Which one of the following group 16 elements does not exist in -2 oxidation state?
a.) S
b.) Se
c.) O
d.) Po
e.) Te

Answer 1

Hint: This element is rare and highly radioactive metal with no stable isotopes. It is also a known carcinogen. This element is widely used in heaters in space probes, antistatic devices, sources of neutrons and alpha particles, and also as a poison.

Complete step by step solution:
Most common oxidation state of group 16 elements is -2 oxidation state . ie, they can easily gain 2 electrons to attain noble gas configuration (stable configuration).
But in the case of Polonium it is an exemption, it’s because of the fact it is having d electrons also.
So, it is clear that option (D) Po is our answer , it cannot show -2 oxidation state.
The filling of the d shell makes the atom smaller because of the poor shielding effect of d electrons and hence the electrons are tightly packed.
Because of this same reason, Selenium cannot acquire the highest oxidation state of $ \left( +VI \right) $.
The oxidation state of elements is defined as the number of electrons gained or lost to form a bond and its sign is the indication of ionic charge on the element.
Oxygen is the most electronegative element after fluorine.
Sulphur, selenium and tellurium usually show + 4 oxidation state in their compounds with oxygen and + 6 with fluorine.
Other elements of the group exhibit + 2, + 4, + 6 oxidation states but + 4 and + 6 are more common.
The stability of + 6 oxidation state decreases down the group and stability of + 4 oxidation state increases due to inert pair effect.
 Bonding in +4 and +6 oxidation states is primarily covalent.
In case of Oxygen and Sulphur , they are having only s and p electrons , so they can readily gain 2 more electrons to gain the stable noble gas configuration and hence are more stable in their -2 oxidation state.
The stability of -2 oxidation state decreases down the group.
Polonium hardly shows –2 oxidation states. Since electronegativity of oxygen is very high, it shows only a negative oxidation state as –2 except in the case of ${ OF }_{ 2 }$ where its oxidation state is + 2.
From the above discussion , let us conclude that (D) Po is the answer.

Additional information:
For making you more clear regarding this oxidation state concept, a table is shown below :

Element	Electronic configuration	Oxidation state
O	$ \left[ He \right] { 2s }^{ 2 }{ 2p }^{ 4 }$	-2, -1, 1, 2
S	$\left[ Ne \right] { 3s }^{ 2 }{ 3p }^{ 4 }$	-2, 2, 4, 6
Se	$ \left[ Ar \right] { { 3d }^{ 10 }4s }^{ 2 }{ 4p }^{ 4 }$	-2, 2, 4, 6
Te	$\left[ Kr \right] { { 4d }^{ 10 }5s }^{ 2 }{ 5p }^{ 4 }$	-2, 2, 4, 6
Po	$\left[ Kr \right] { 4f }^{ 14 }{ { 5d }^{ 10 }6s }^{ 2 }{ 6p }^{ 4 }$	2, 4

Let us now look at inert pair effect, which we mentioned earlier in the solution section:
Inert pair effect is defined as the non-participation of the two s electrons in bonding due to the high energy needed for unpairing them.
The inert pair theory was proposed by Sidgwick. He along with Powell accounted for the shapes of several molecules and correlated the shapes with some of their physical properties.
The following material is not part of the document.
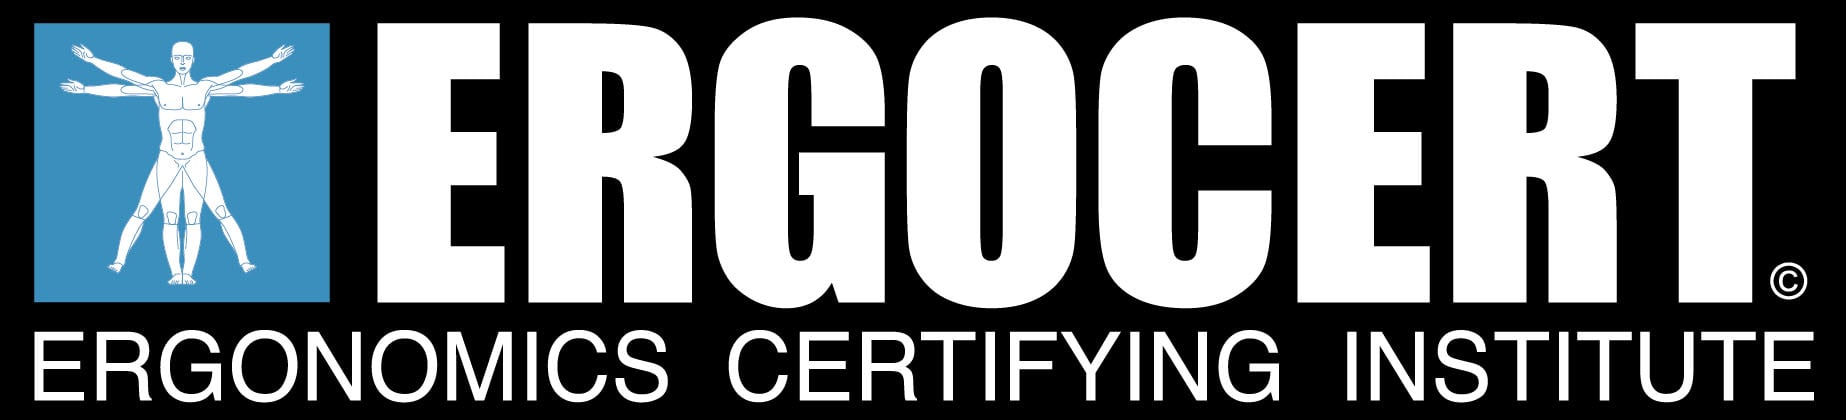 ergocert-logo

For Example: The inert pair effect among group 4 and group 5 elements. ${ Sn }^{ 2+ }$ and ${ Pb }^{ 2+ }$ and ${ Sb }^{ 3+ }$ and ${ Bi }^{ 3+ }$ which are the lower oxidation states of the elements are formed because of the inert pair effect. When the s electrons remain paired the oxidation state is lower than the characteristic oxidation state of the group.
The group 16 elements, also known as the chalcogens have 6 valence electrons, and hence they can achieve noble gas configuration either by gaining 2 electrons or by sharing two electrons i.e., by forming ${ M }^{ 2- }$ ions, or forming two covalent bonds.
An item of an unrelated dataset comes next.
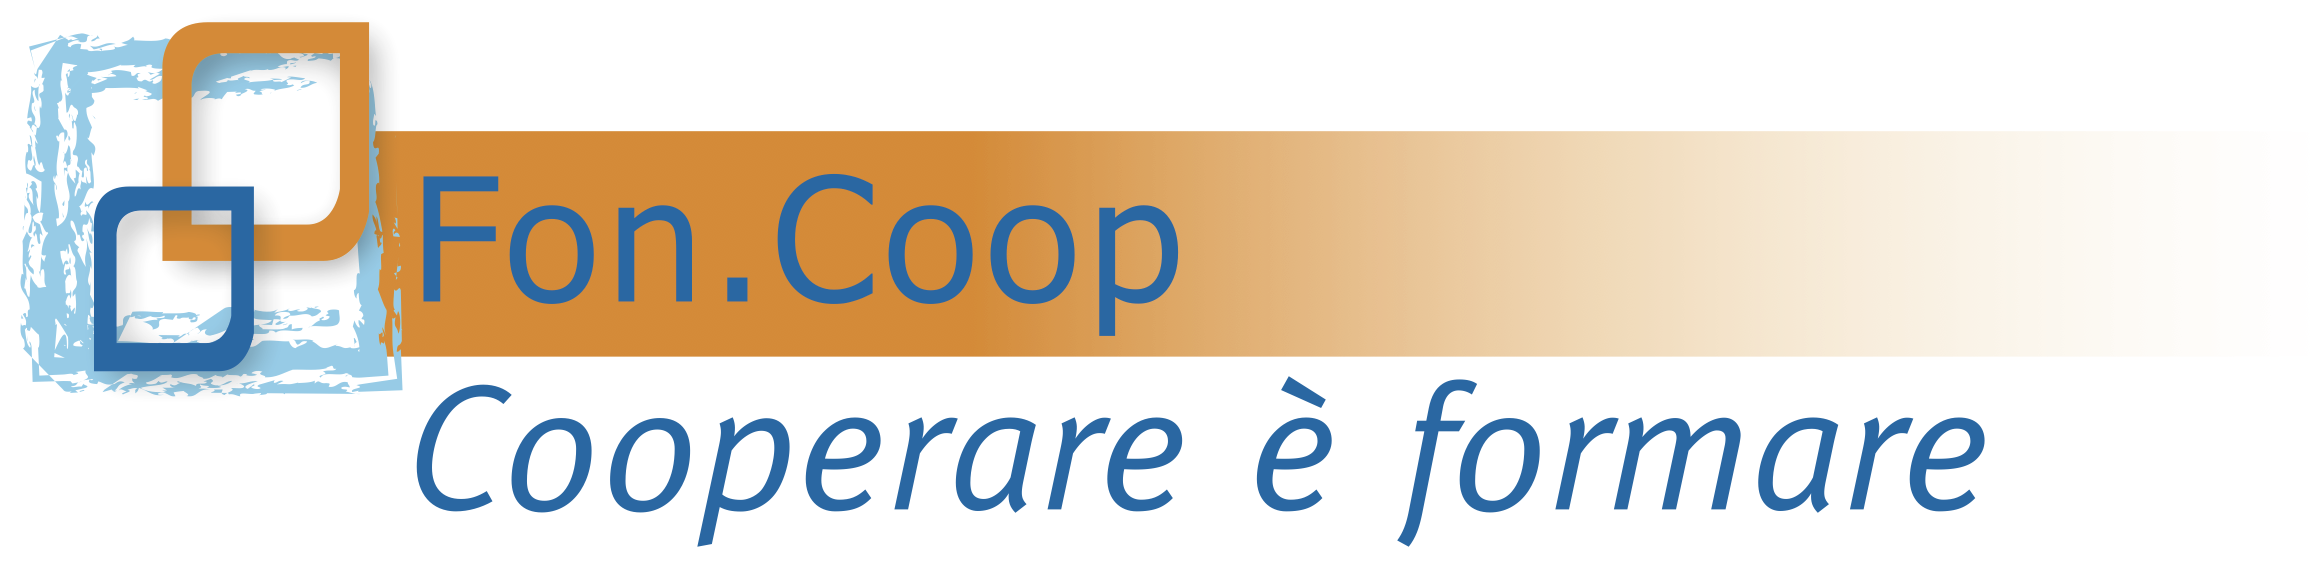 FonCoop_Logo_CooperareFormare_def

Note: Along with Po, in case of Te and Se also, -2 oxidation state is most unstable for them. Don’t confuse inert pair effect with shielding effect, both are different concepts. Shielding effect describes the balance between the attraction between the electrons on valence electrons and the repulsion from the inner electrons.